• **REQUIRED ACTION**
From the line that contains "Tactical 5.11 Arc" down to the last line of the data below, restate every line word for word, skipping any images.

• **AVAILABLE DATA**
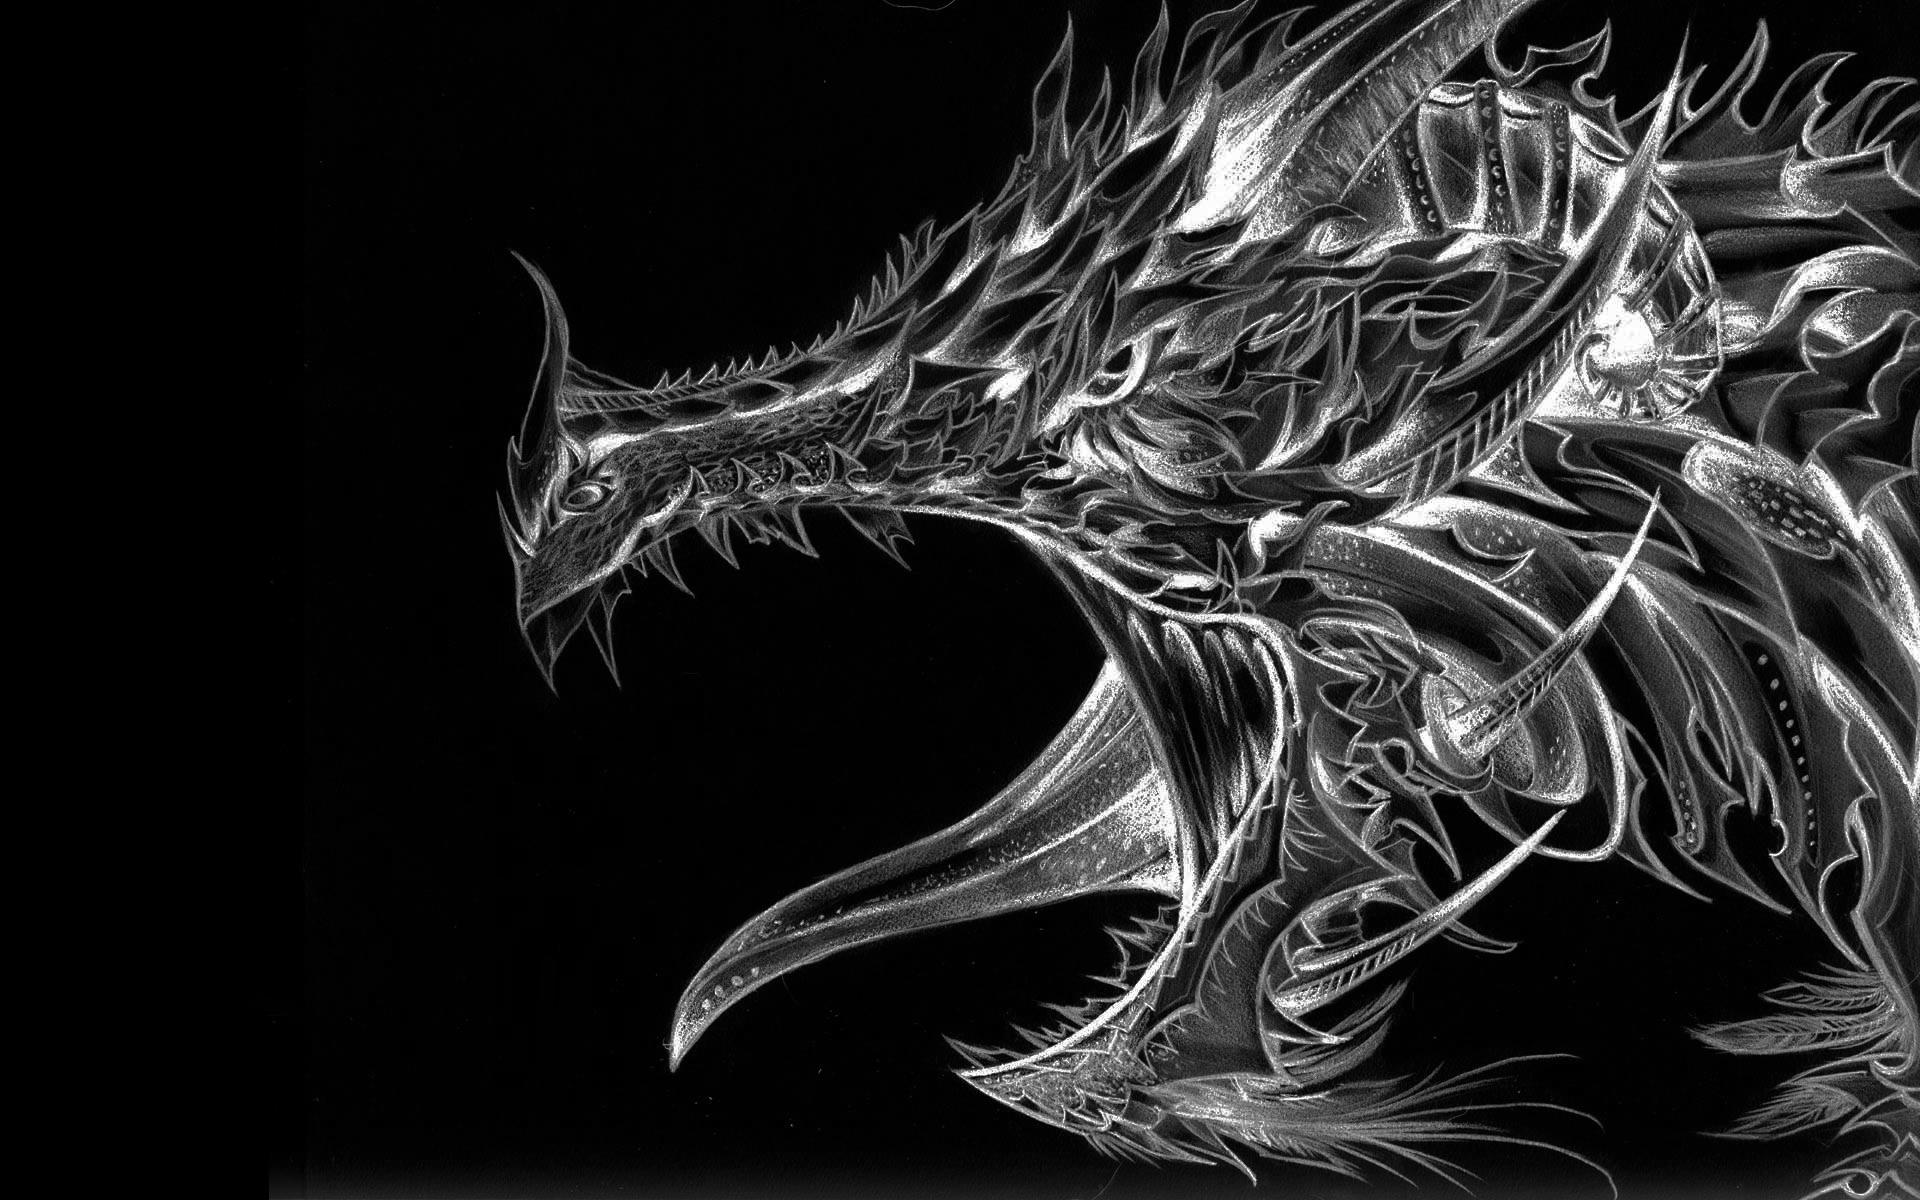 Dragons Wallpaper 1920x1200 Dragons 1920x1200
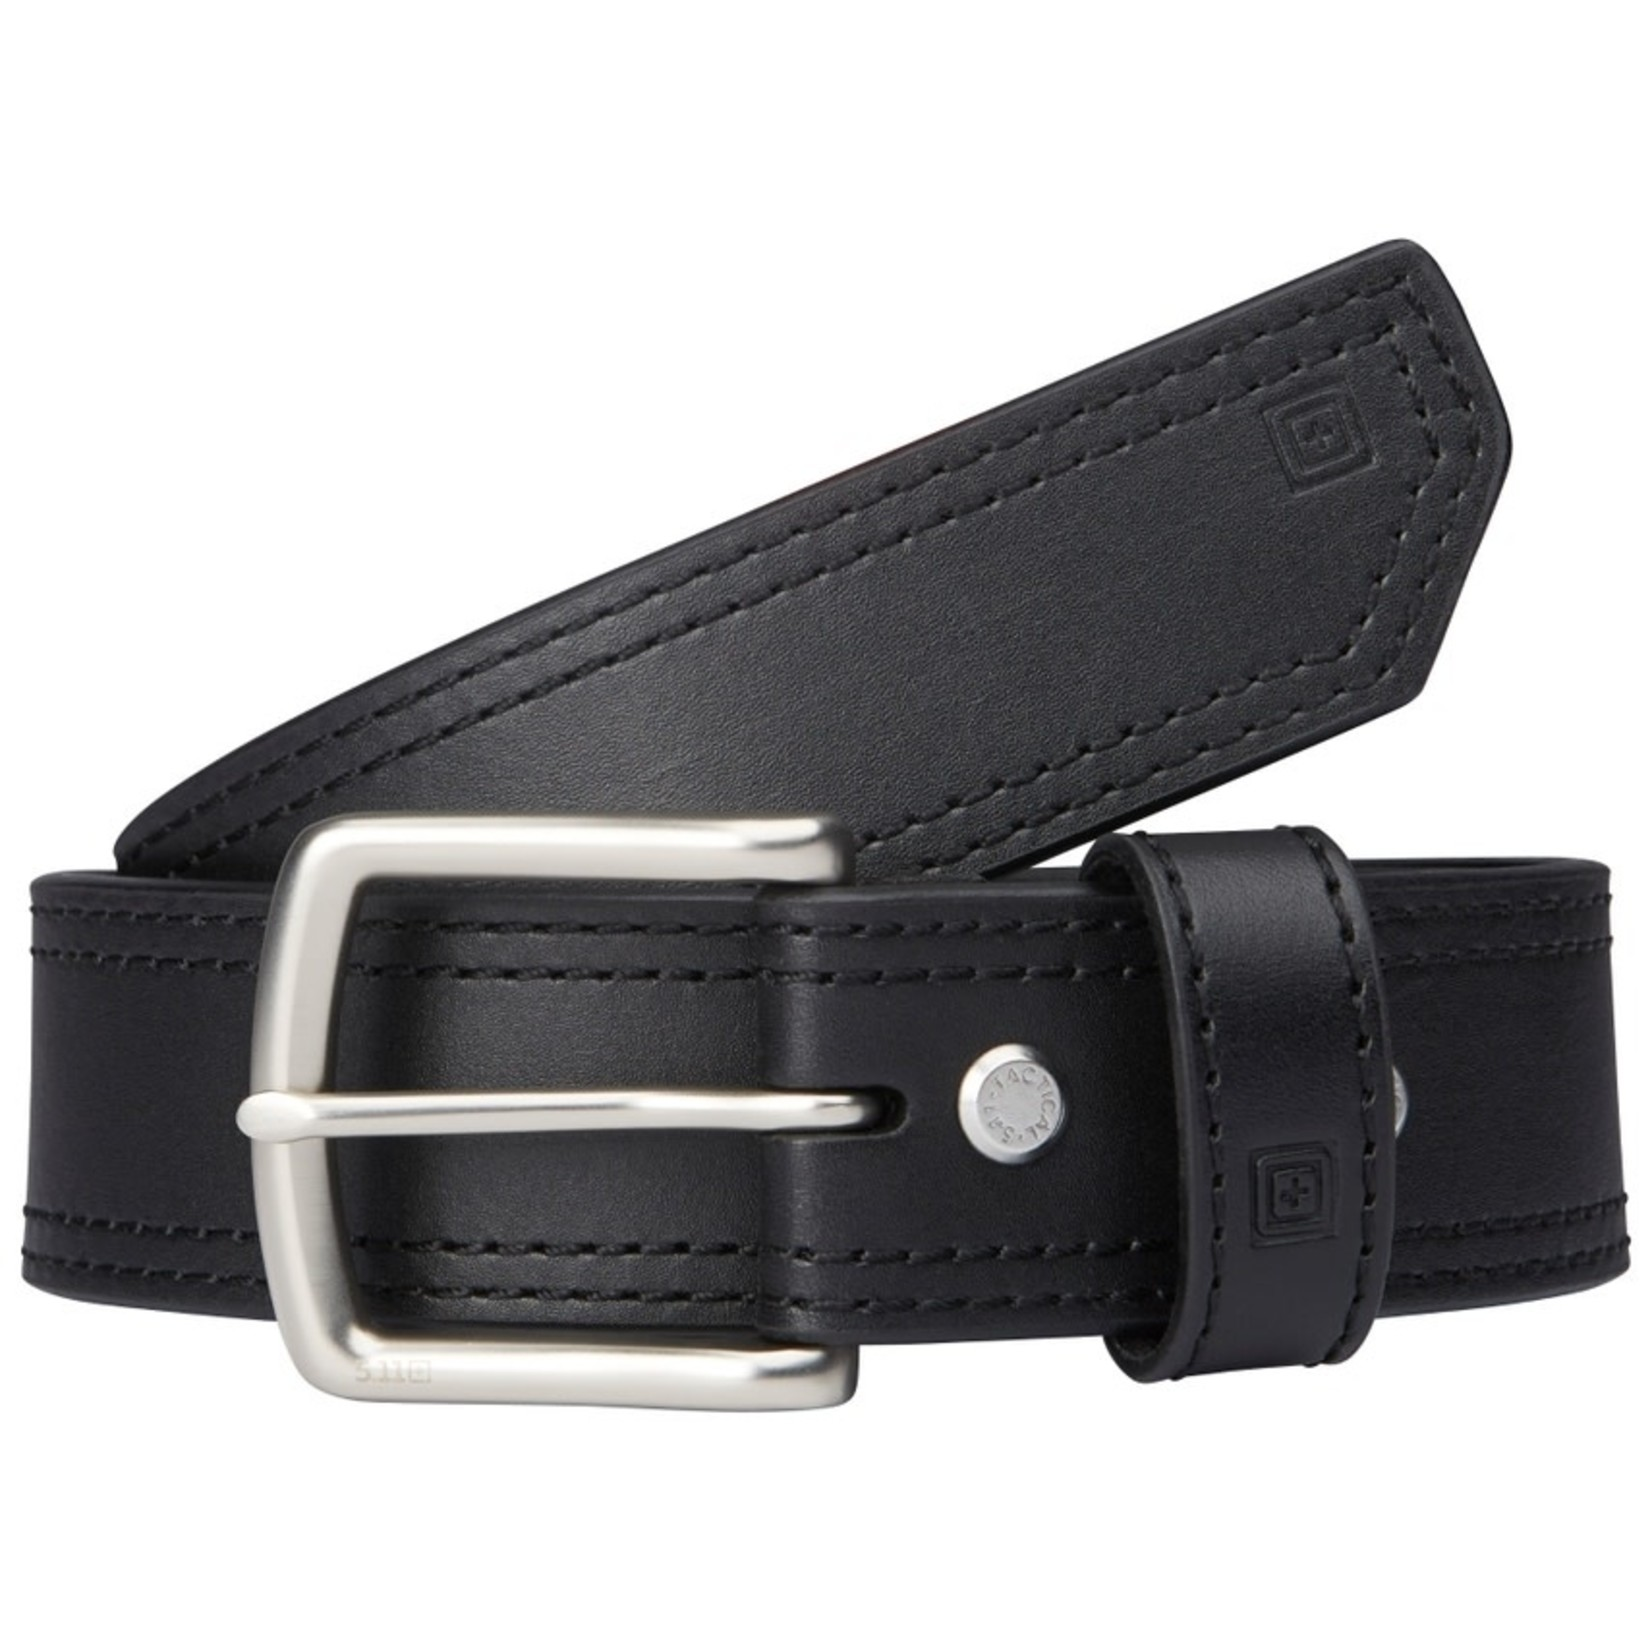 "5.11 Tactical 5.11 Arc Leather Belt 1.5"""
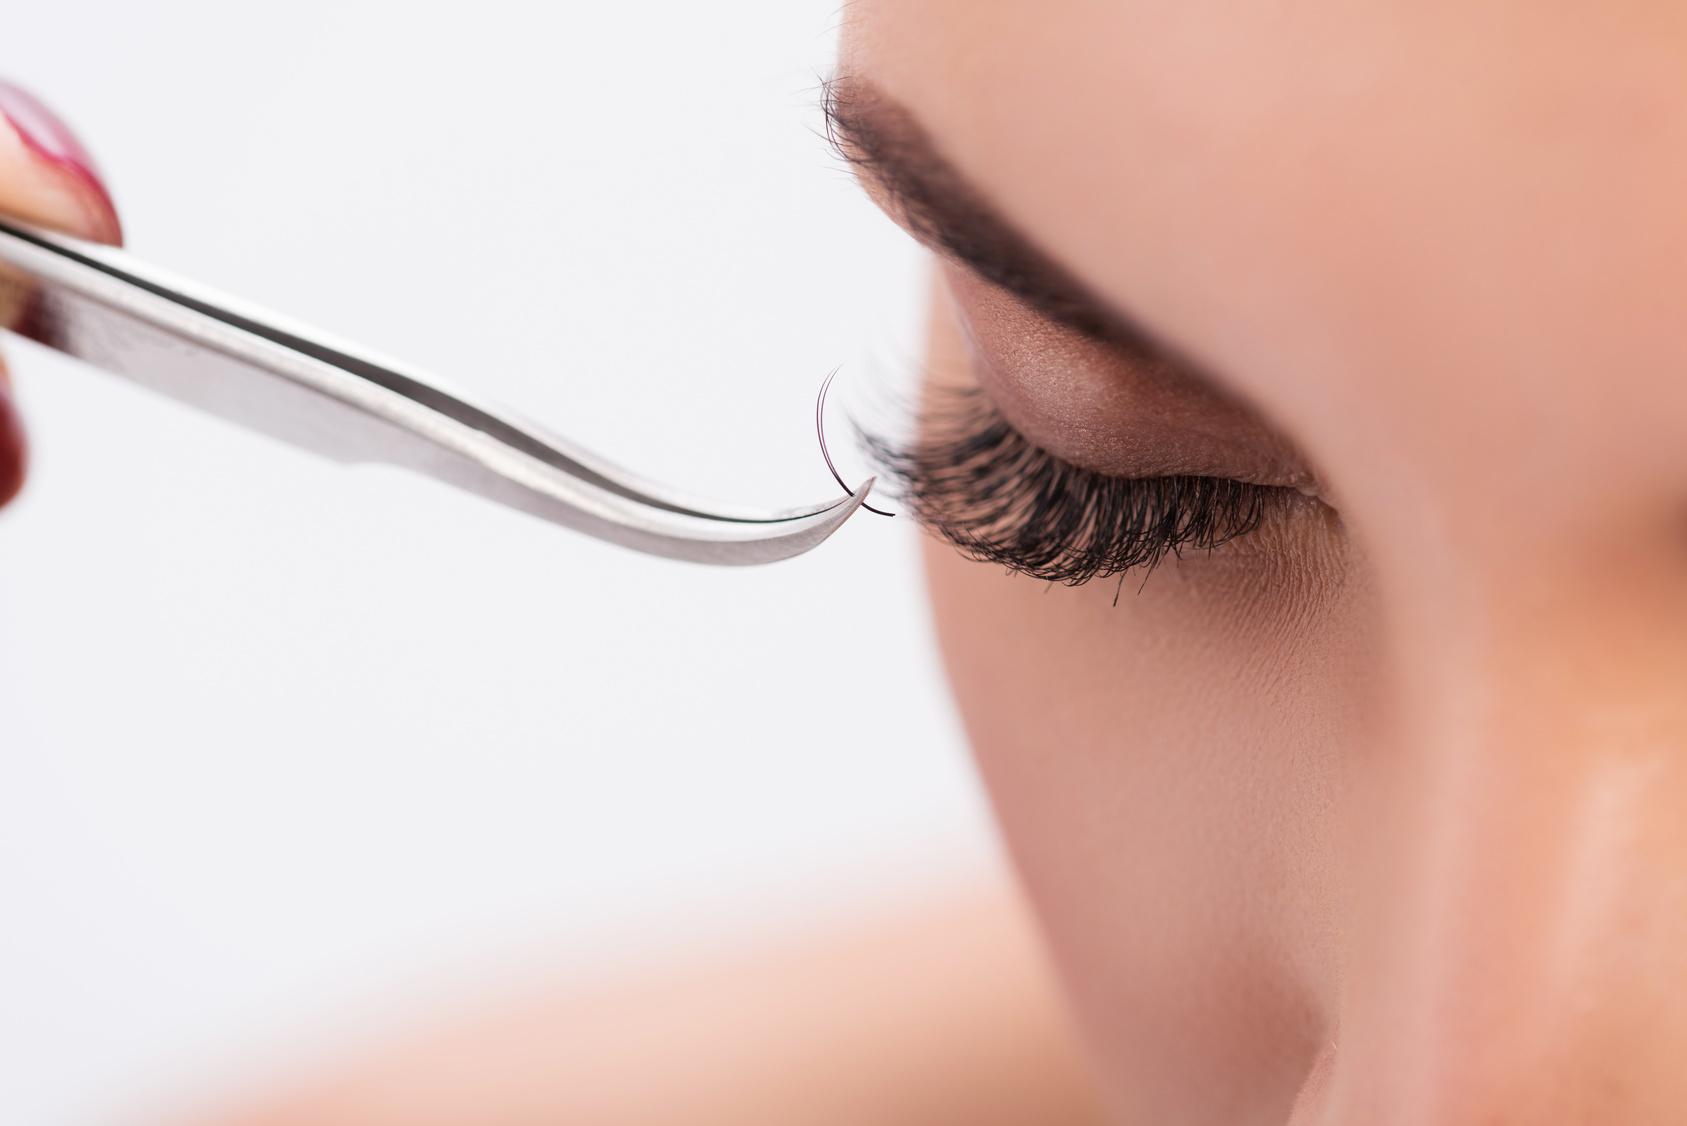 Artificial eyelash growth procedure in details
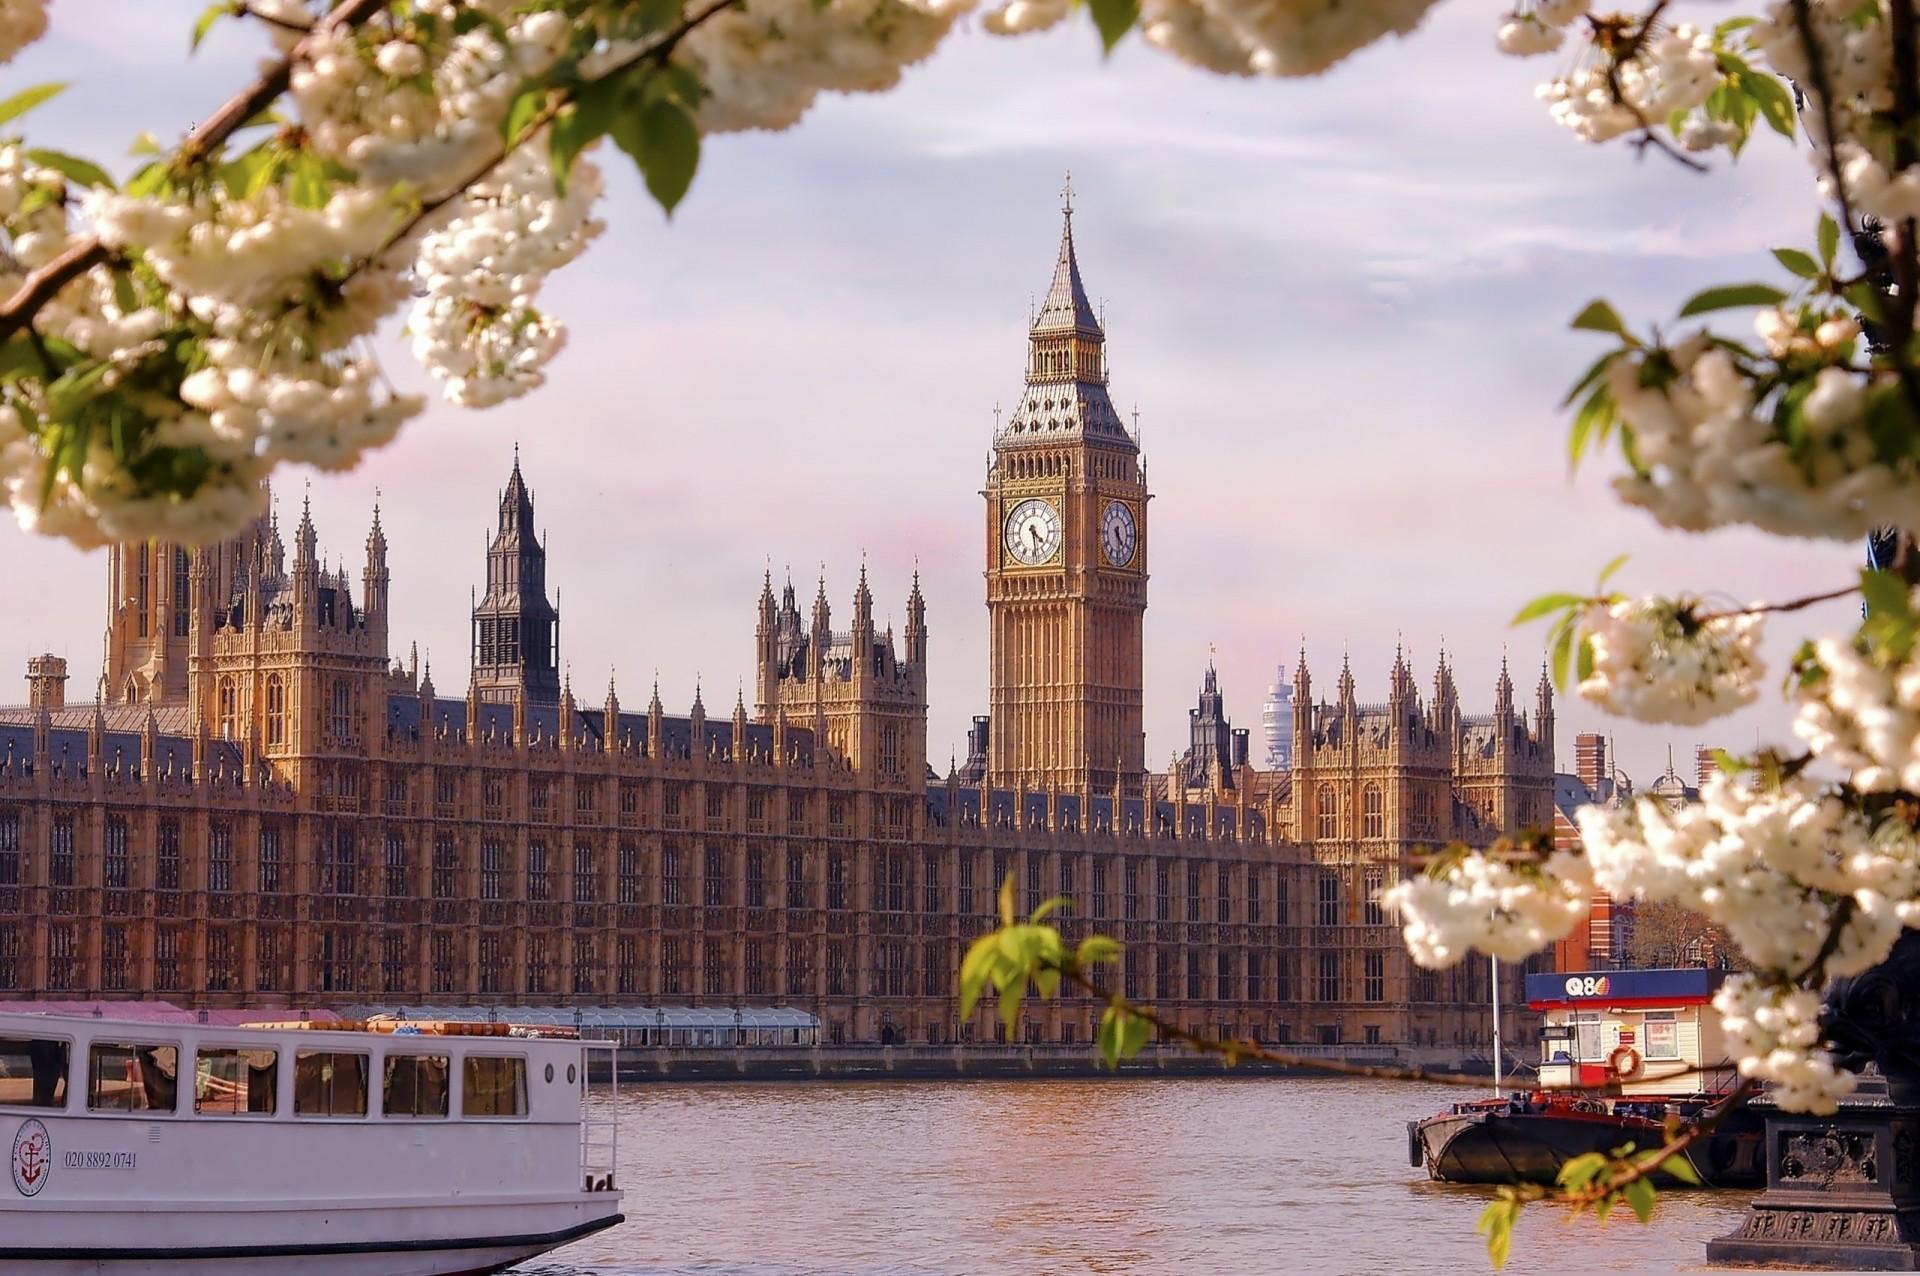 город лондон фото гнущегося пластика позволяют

• **PROBLEM SOLUTION**
 "5.11 Tactical 5.11 Arc Leather Belt 1.5"""
 Artificial eyelash growth procedure in details
 город лондон фото гнущегося пластика позволяют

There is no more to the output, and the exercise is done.